La diminution importante de la consommation du papier journal, jumelée aux coûts élevés de la fibre et de l'énergie, forcent la compagnie-mère Papiers White Birch à suspendre la production à son usine gatinoise jusqu'au 17 août.
Six semaines depuis avril
Depuis avril dernier, les 150 travailleurs ont été en congé forcé pendant un total de six semaines. Selon le président du syndicat, Richard Lahaie, les perspectives d'avenir ne sont pas très rassurantes.
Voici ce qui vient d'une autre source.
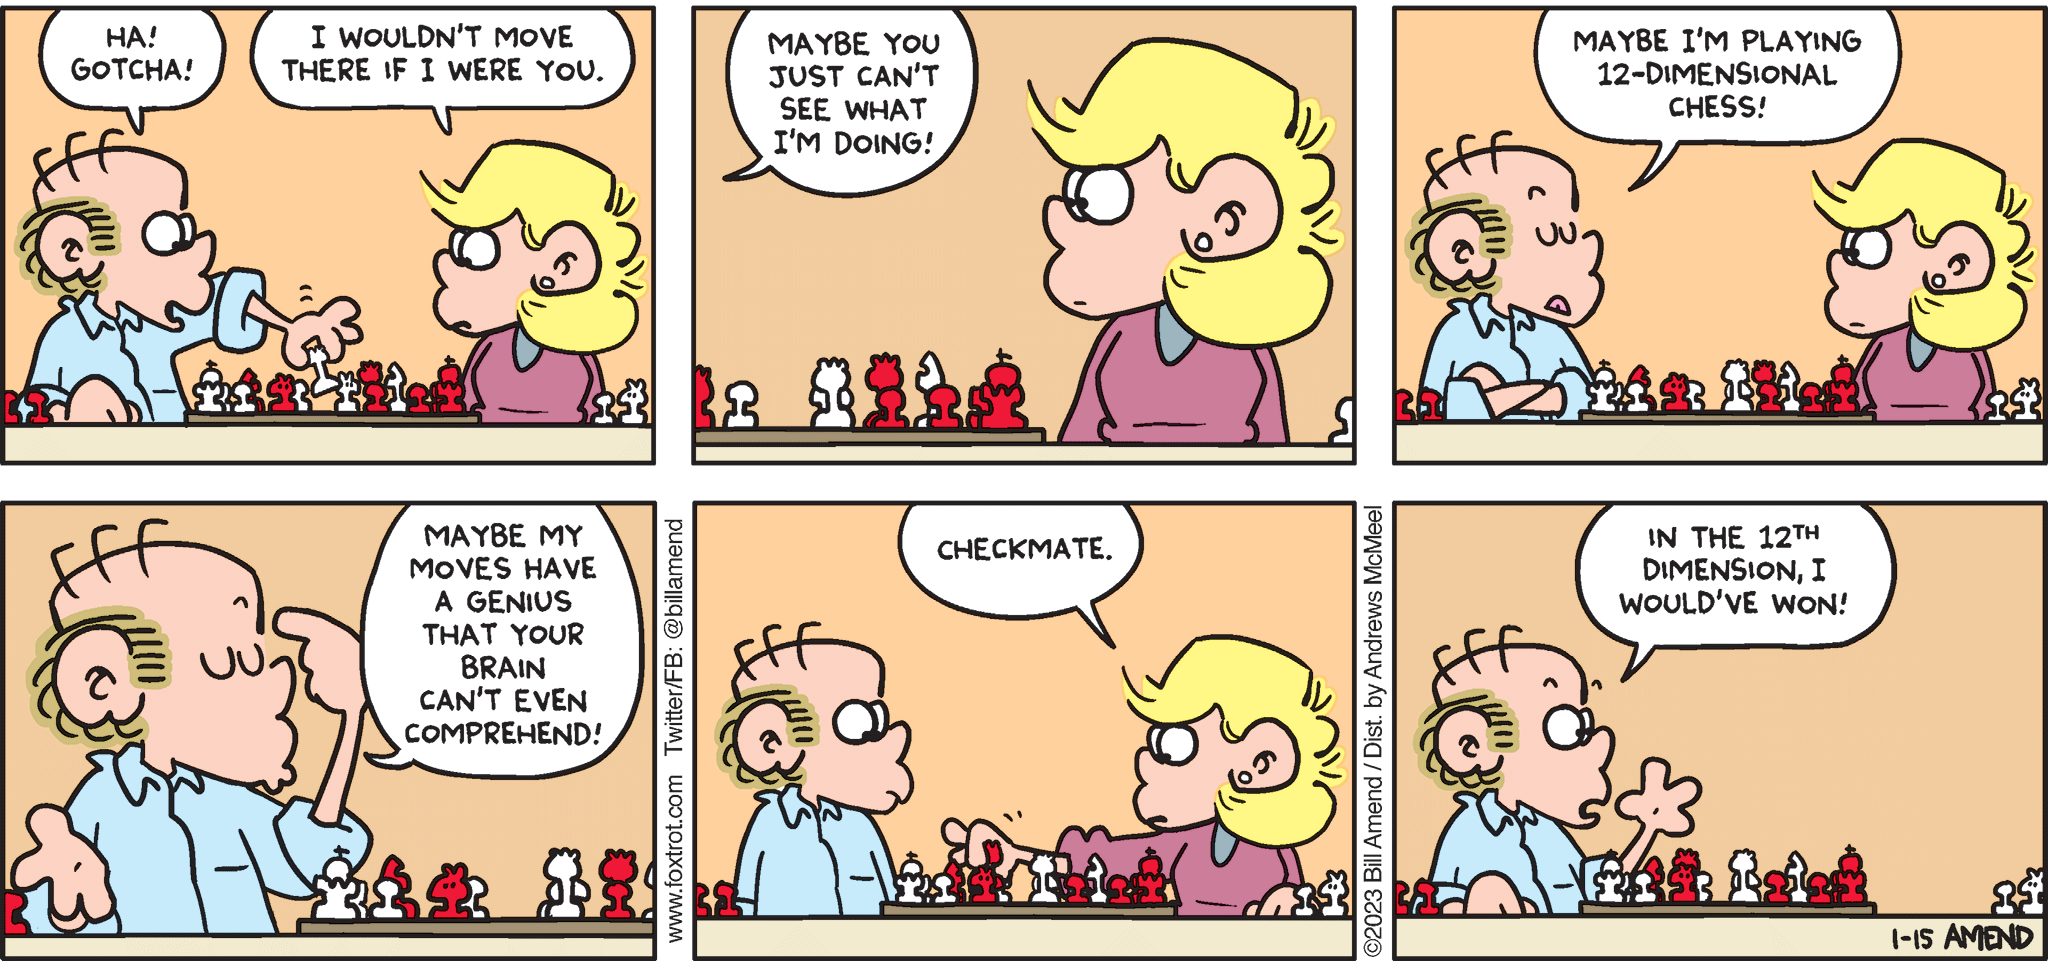 FoxTrot comic strip by Bill Amend - "12-D Chess" published January 15, 2023 - Transcript: Roger Fox: Ha! Gotcha! Andy Fox: I wouldn't move there if I were you. Roger Fox: Maybe you just can't see what I'm doing! Maybe I'm playing 12-dimensional chess! Maybe my moves have a genius that your brain can't even comprehend! Andy Fox: Checkmate! Roger Fox: In the 12th dimension, I would've won!
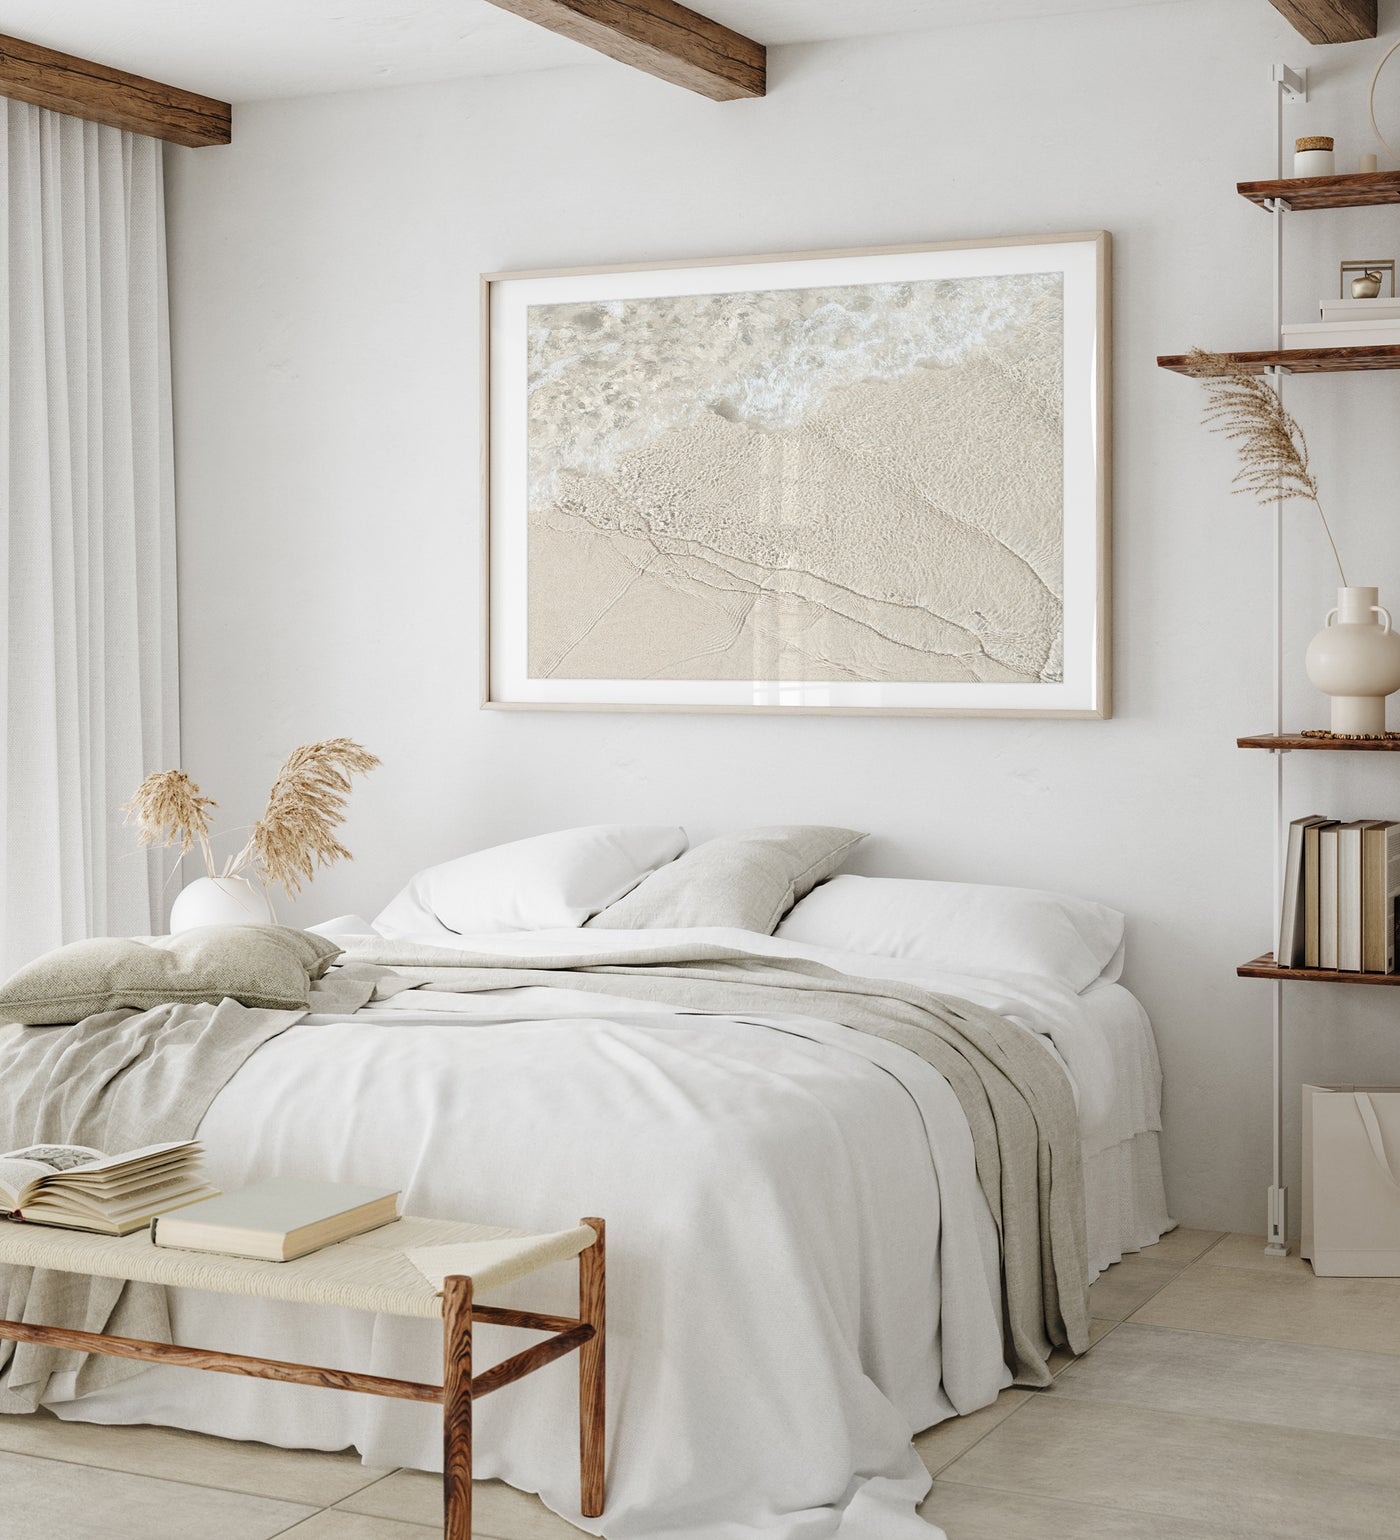 Shallow Water No 11 - Large neutral coastal wall art by Cattie Coyle Photography in bedroom

« Il n'y a rien de bon augure pour l'avenir. » - Richard Lahaie
« Pour le moment, on pense que la production va repartir comme prévu le 17 août, mais nos confrères de Québec (usine Stadacona) se sont fait annoncer que leur usine allait fermer du 21 août au 8 septembre, alors que du côté de Kruger, ils vont cesser la production pour deux ou trois semaines à partir du milieu d'août », souligne M. Lahaie.
Il y a actuellement deux millions de tonnes de papier journal de trop sur le marché et rien ne laisse présager que la consommation va reprendre.
« Il n'y a rien de bon augure pour l'avenir. On (le syndicat) reconnaît qu'il y a présentement trop de machines à papier sur le marché. Il faudrait qu'il se produise quelque chose avant longtemps. Il va probablement y avoir des machines qui vont fermer pour de bon à certains endroits car je pense qu'on a atteint le fond du baril et on ne voit pas la lumière au bout du tunnel », conclut le représentant des employés de Papier Masson.
Avec ses quatre usines, dont trois situées au Canada et une aux États-Unis, Papiers White Birch est le deuxième plus gros producteur de papier journal en Amérique du Nord.